Create account to get full access

Overview

Real-time object detection models like YOLO have emerged as popular choices due to their balance of speed and performance.
Researchers have explored various aspects of YOLO models, including architecture, optimization, and data augmentation, leading to notable progress.
However, YOLO models still face challenges, such as the reliance on non-maximum suppression (NMS) for post-processing, which impacts inference latency, and computational redundancy in the model design.

Plain English Explanation

YOLO (You Only Look Once) models have become widely used for real-time object detection tasks, as they can quickly identify and locate objects in images or videos while maintaining good accuracy. Researchers have been working to continuously improve YOLO models, exploring different ways to design the model architecture, optimize the training process, and augment the training data.

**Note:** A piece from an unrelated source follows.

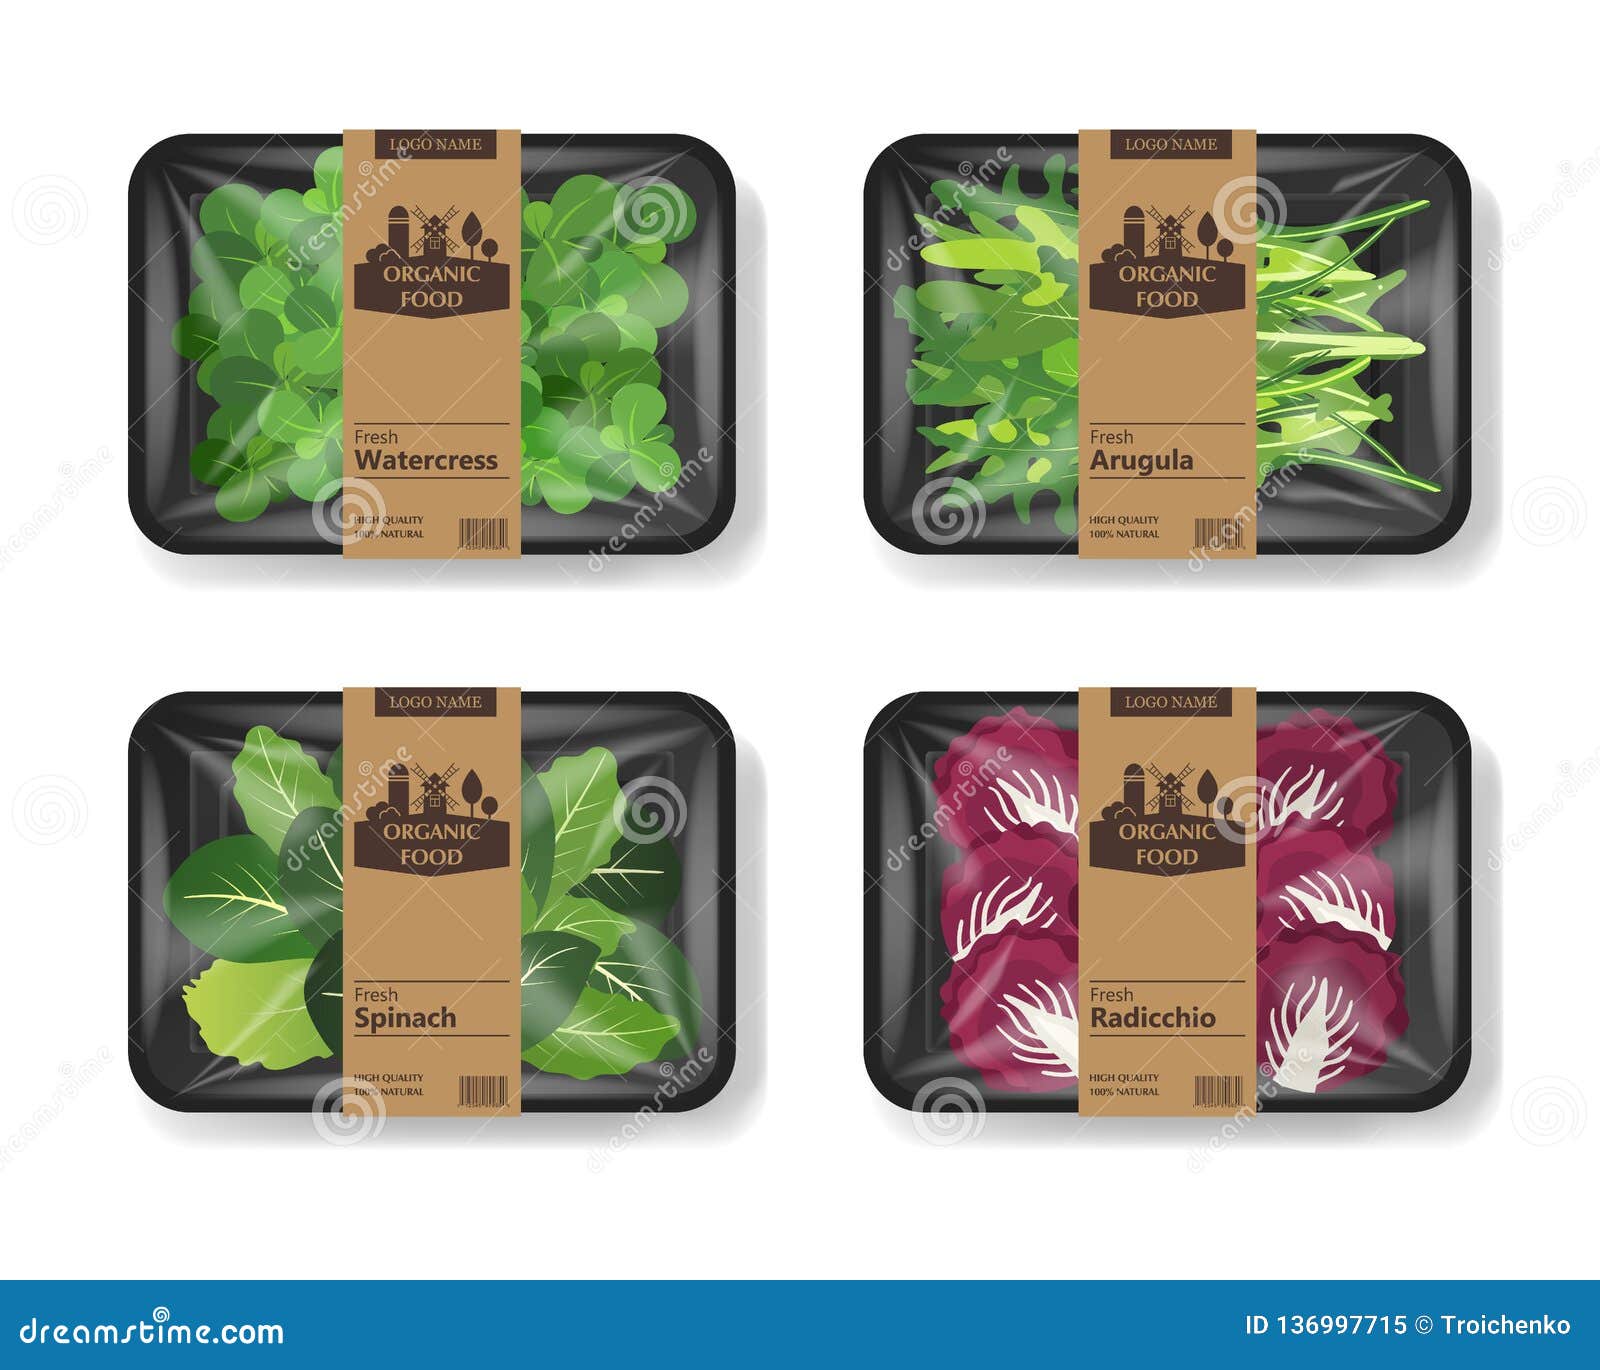 Download Salad Leaves With Plastic Tray Container With Cellophane Cover Retro Design Set Mockup Template For Your Salad Design Stock Vector Illustration Of Farm Fresh 136997715

Despite these advancements, YOLO models still have some limitations. One issue is the use of non-maximum suppression (NMS) for post-processing, which can slow down the speed of the model at inference time. Additionally, the components of YOLO models may not be optimized as thoroughly as they could be, leading to unnecessary computational overhead and limiting the model's overall capabilities.

Technical Explanation

The researchers in this work aim to further improve the performance and efficiency of YOLO models, addressing both the post-processing and model architecture aspects.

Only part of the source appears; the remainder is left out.